Thursday 18 June 2009

PLATEAU

It's great wehn you first start out on a new fitness and health 'regime'. You're motivated, you're doing something different and if you stick to it strictly (and it's a good, sensible plan for you) you WILL get results. Eventually though, however much you stick to your plan you'll reach a plateau, a frustrating plateau! This is because the body is great at adapting, and this is what it's done. It's got used to the change and thinks this is now the norm so less effort is required.

So today's short blog is purely to give you a few pointers to overcoming a plateau :

1. Shape up your exercise - make sure you're doing regular sessions; is it possible to squeeze another one in, in the week?. Government recommendations are five times a week for 30 minutes, but if you're smart you can do less and achieve more. It comes down to intensity - forget the steady state cardio ie. running at the same pace for the duration of your exercise session.

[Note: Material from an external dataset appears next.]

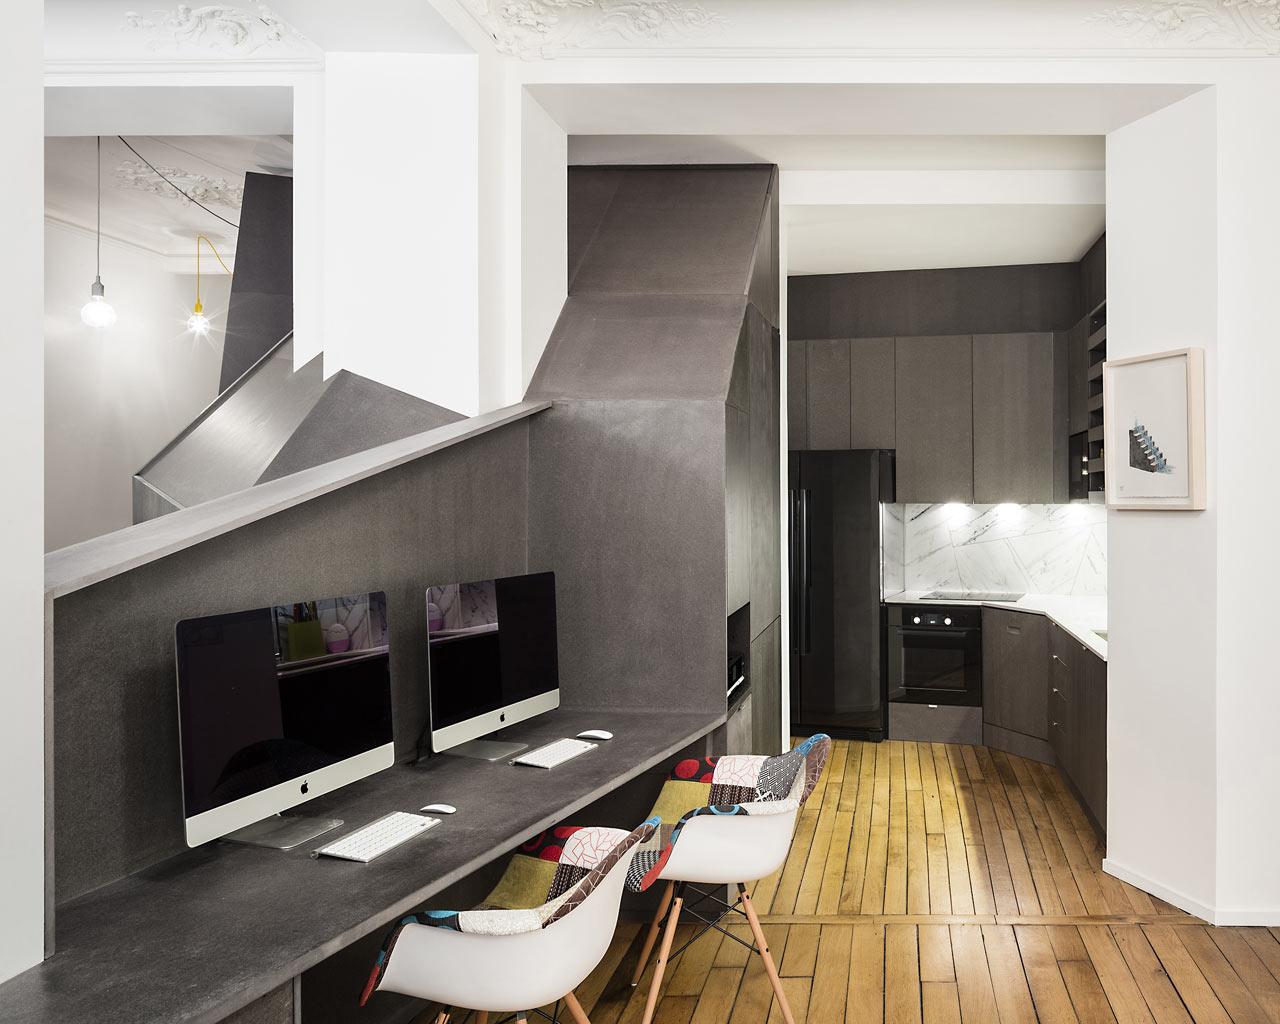 A Classic Parisian Apartment Gets a Geometric Intervention

2. Push through your comfort zone - that's what us personal trainers are here for. To help you go further than you would if you were working out on your own. I often get clients saying part way through a session " I would have stopped by now if you weren't here".

3. Do the opposite of what you're currently doing. Give your body a shock! If you're currently working out using a stability ball use dumbbells instead. If you're using a rowing machine, get on a bike instead. Shake it up a bit and your body doesn't know what to expect so the adaptation process can't happen.

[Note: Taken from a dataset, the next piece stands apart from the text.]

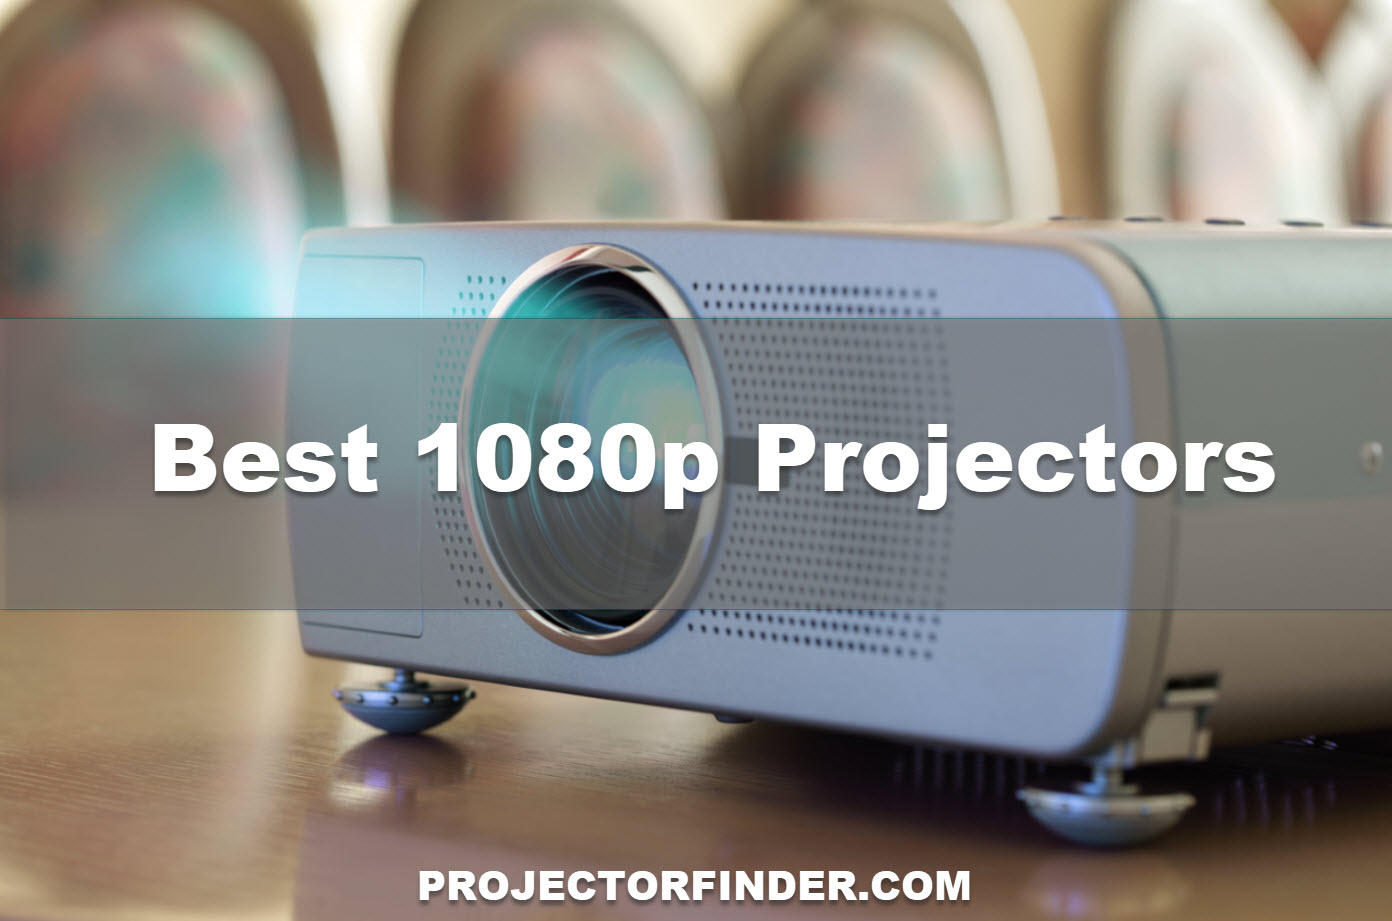 Best 1080p Projectors

4. Eat more, but the right stuff. If you're eating right for your body type you should be able to eat regualr meals of adequate proportions to fill you up, so you don't feel as if you're depriving yourself. Metabolic Typing does not use calorie counting, traffic light systems, or any type of food restricting etc.

5. Keep a food diary. Record every morsel that passes your lips, food and drink, and review it regularly. You may be very suprised at how much 'non nutrient'food you are snacking on, even if your main meals are home prepared.

6. Plan - it really is all in the planning. I set out my exercise plan at the beginning of each week, and work out all my meals and snacks for the following day, the night before. Sounds a bit dull but you soon get used to it, and it means YOU are in control. Take a little time to plan ahead and reap the benefits.